It relies on a complex pipeline of algorithms, with several components requiring manual artistic work, which results in a time consuming and non-scalable process;
Those algorithms are very compute-intense when dealing with the generation of lifelike avatars, forcing image and motion quality trade-offs;
The CG pipeline is highly dependent on the quality of the input captured data;
There is no end-to-end commercial platform incorporating all the process steps.

How is the market being impacted by these technical challenges?

The inexistence of effective and fast solutions to generate lifelike avatars is hindering the development of new applications based on digital interactions. Let’s look at a few examples:

In the gaming industry, gamers want more realistic experiences, particularly by having their lifelike avatar as the central character. To achieve this realism today, the gamer would most likely have to go to a studio, take several light-controlled pictures, and then wait (maybe a few days) for the execution of the manual-based avatar creation process.

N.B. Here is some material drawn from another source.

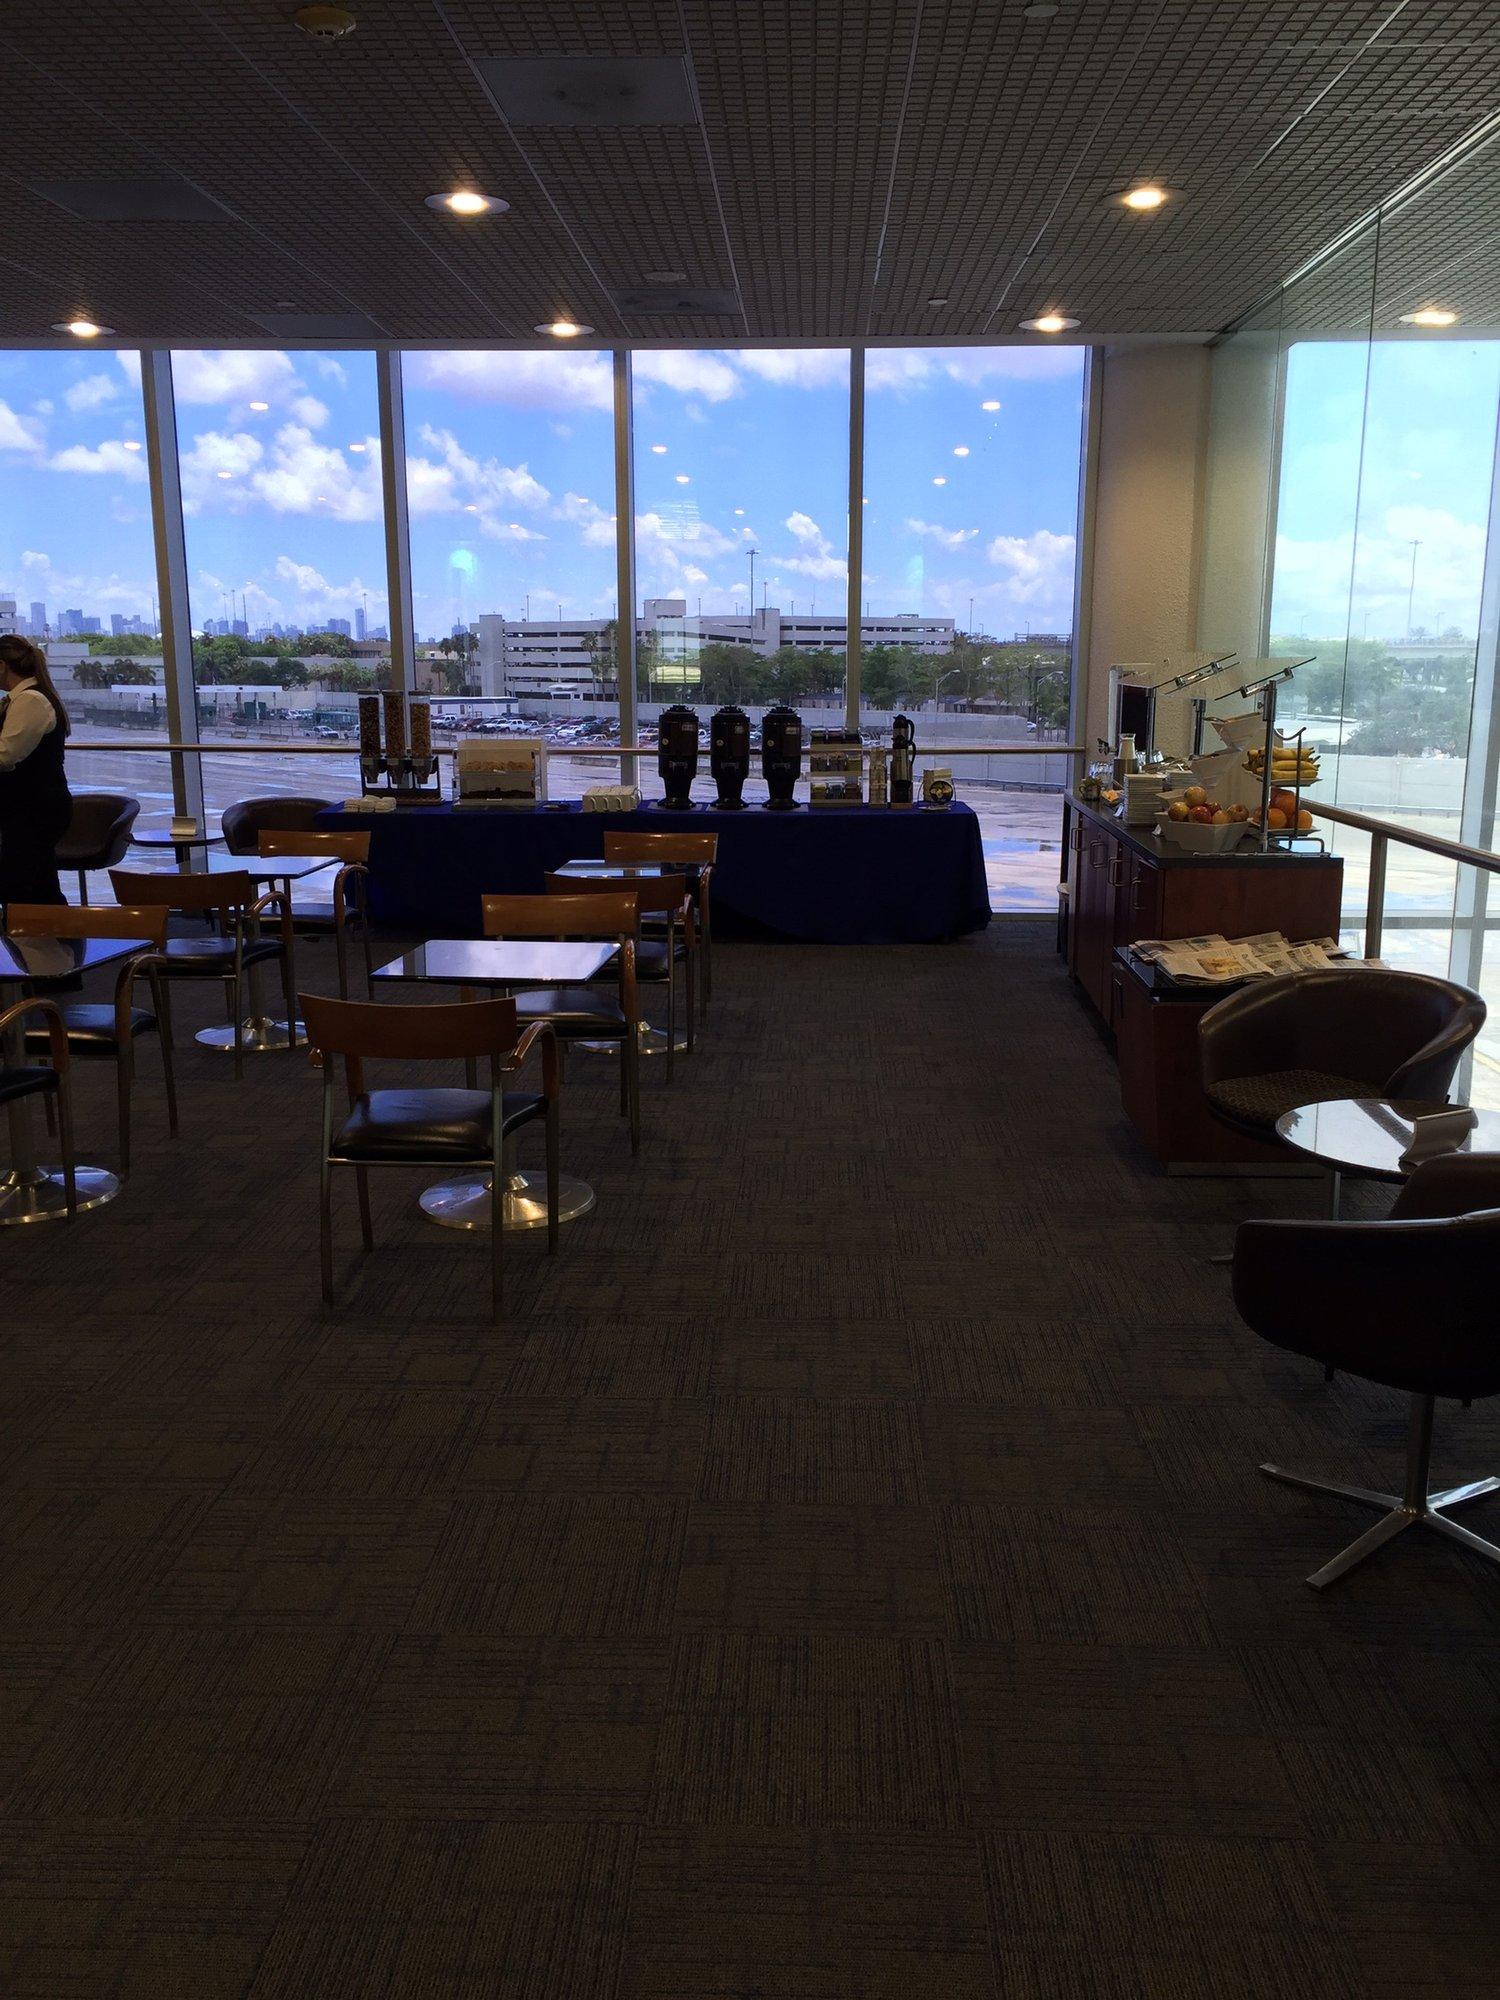 American Airlines Admirals Club (Gate D15) image 6 of 25

The same would happen if we wanted the gaming scenario to be populated by other lifelike characters. This is highly ineffective, constraining a market valued at +$150b (according to Mordor Intelligence);
In the industrial manufacturing market, companies want to expand their shop floor workforce training processes by using virtual training platforms. Today, these CG-based industrial immersive platforms still lack the required lifelike resolution and live motion to be considered viable HR training options, constraining the virtual training and simulation market valued at +$200b (according to ResearchAndMarket).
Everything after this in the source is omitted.